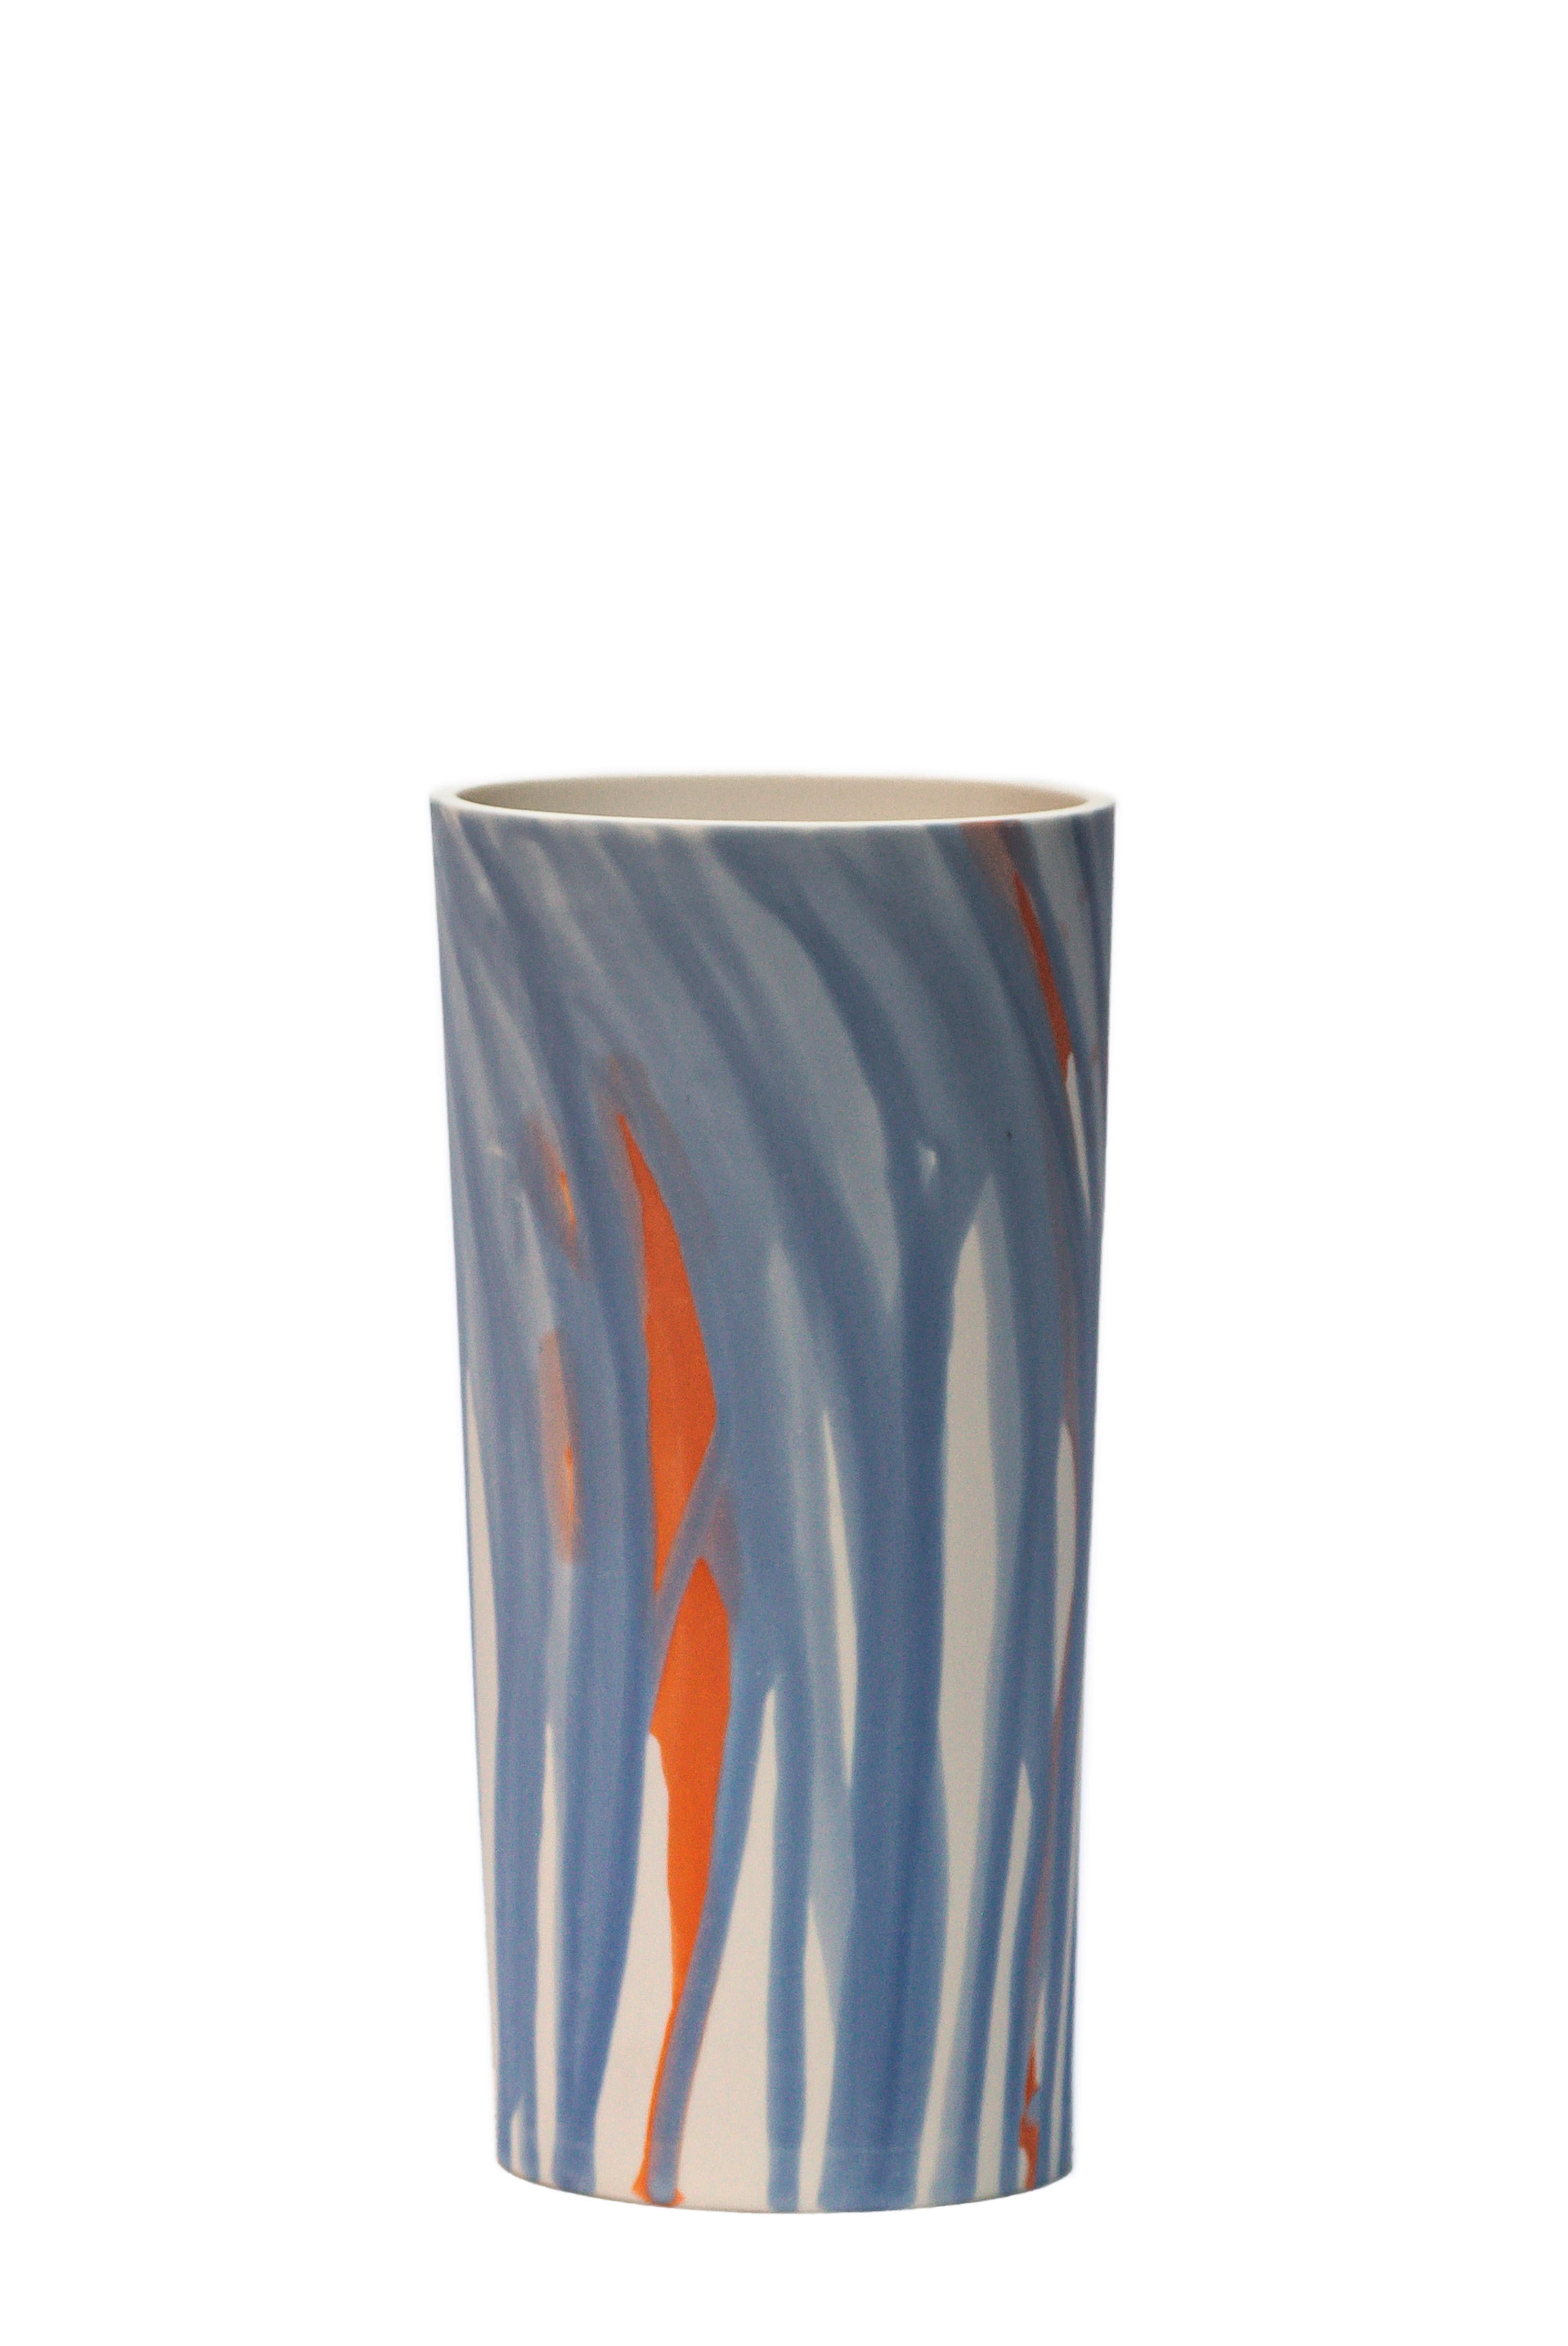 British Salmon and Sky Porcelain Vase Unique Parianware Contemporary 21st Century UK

== == ==

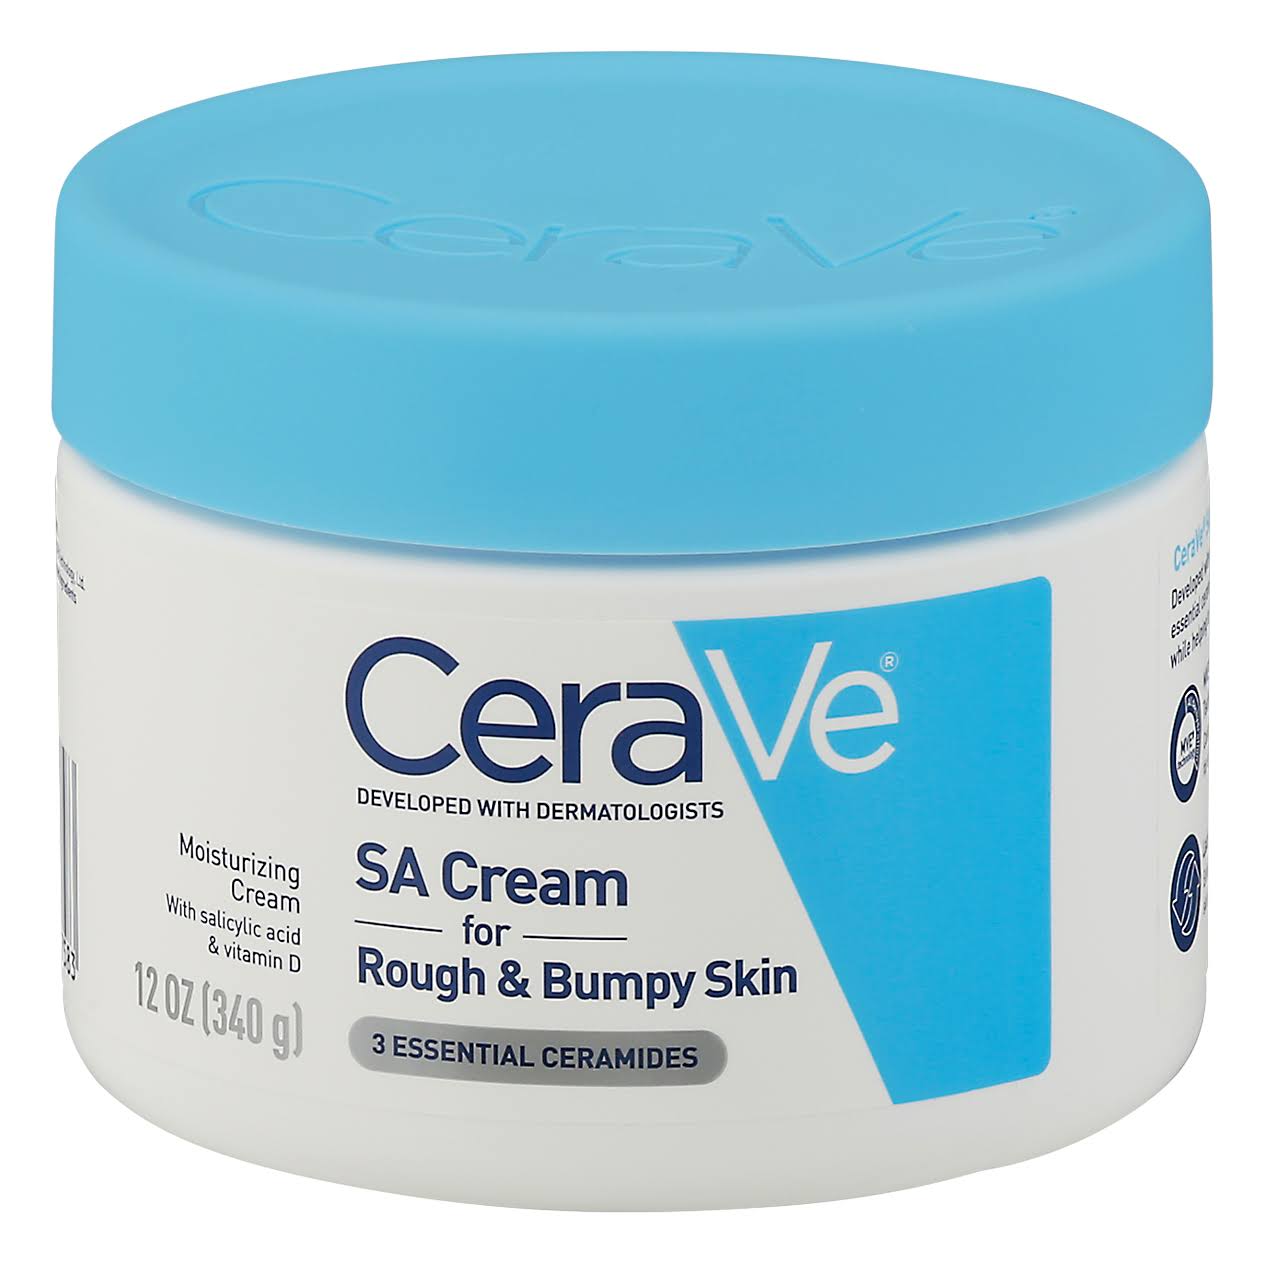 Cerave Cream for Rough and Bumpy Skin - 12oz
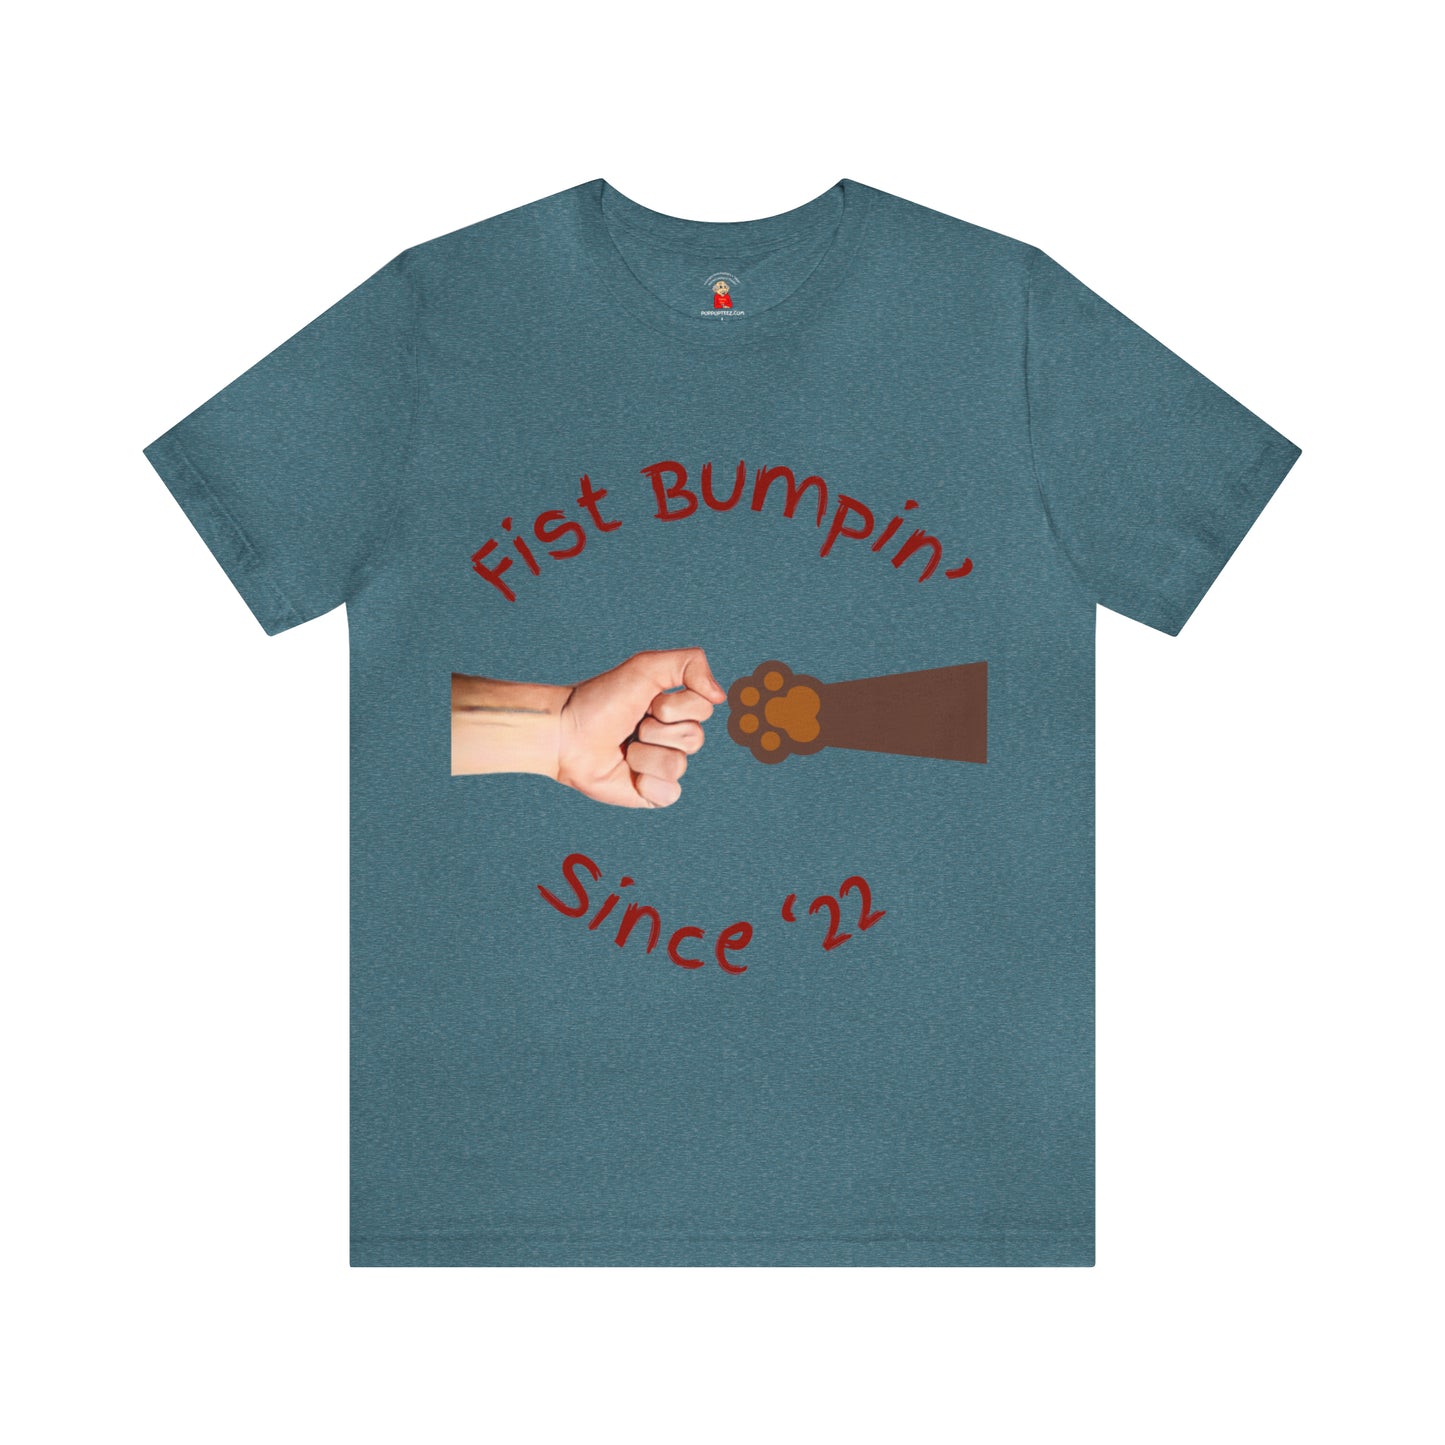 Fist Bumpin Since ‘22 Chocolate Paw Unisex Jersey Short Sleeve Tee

== == ==

> _WHAT IS NEEDED_
Here the job is to copy the stretch of records from the line containing "Cerave Cream for Rough and Bumpy Skin - 12oz" through the line containing "Fist Bumpin Since", word for word. Leave every picture out.

> _SOLUTION FOR THIS TASK_
 Cerave Cream for Rough and Bumpy Skin - 12oz
 Fist Bumpin Since ‘22 Chocolate Paw Unisex Jersey Short Sleeve Tee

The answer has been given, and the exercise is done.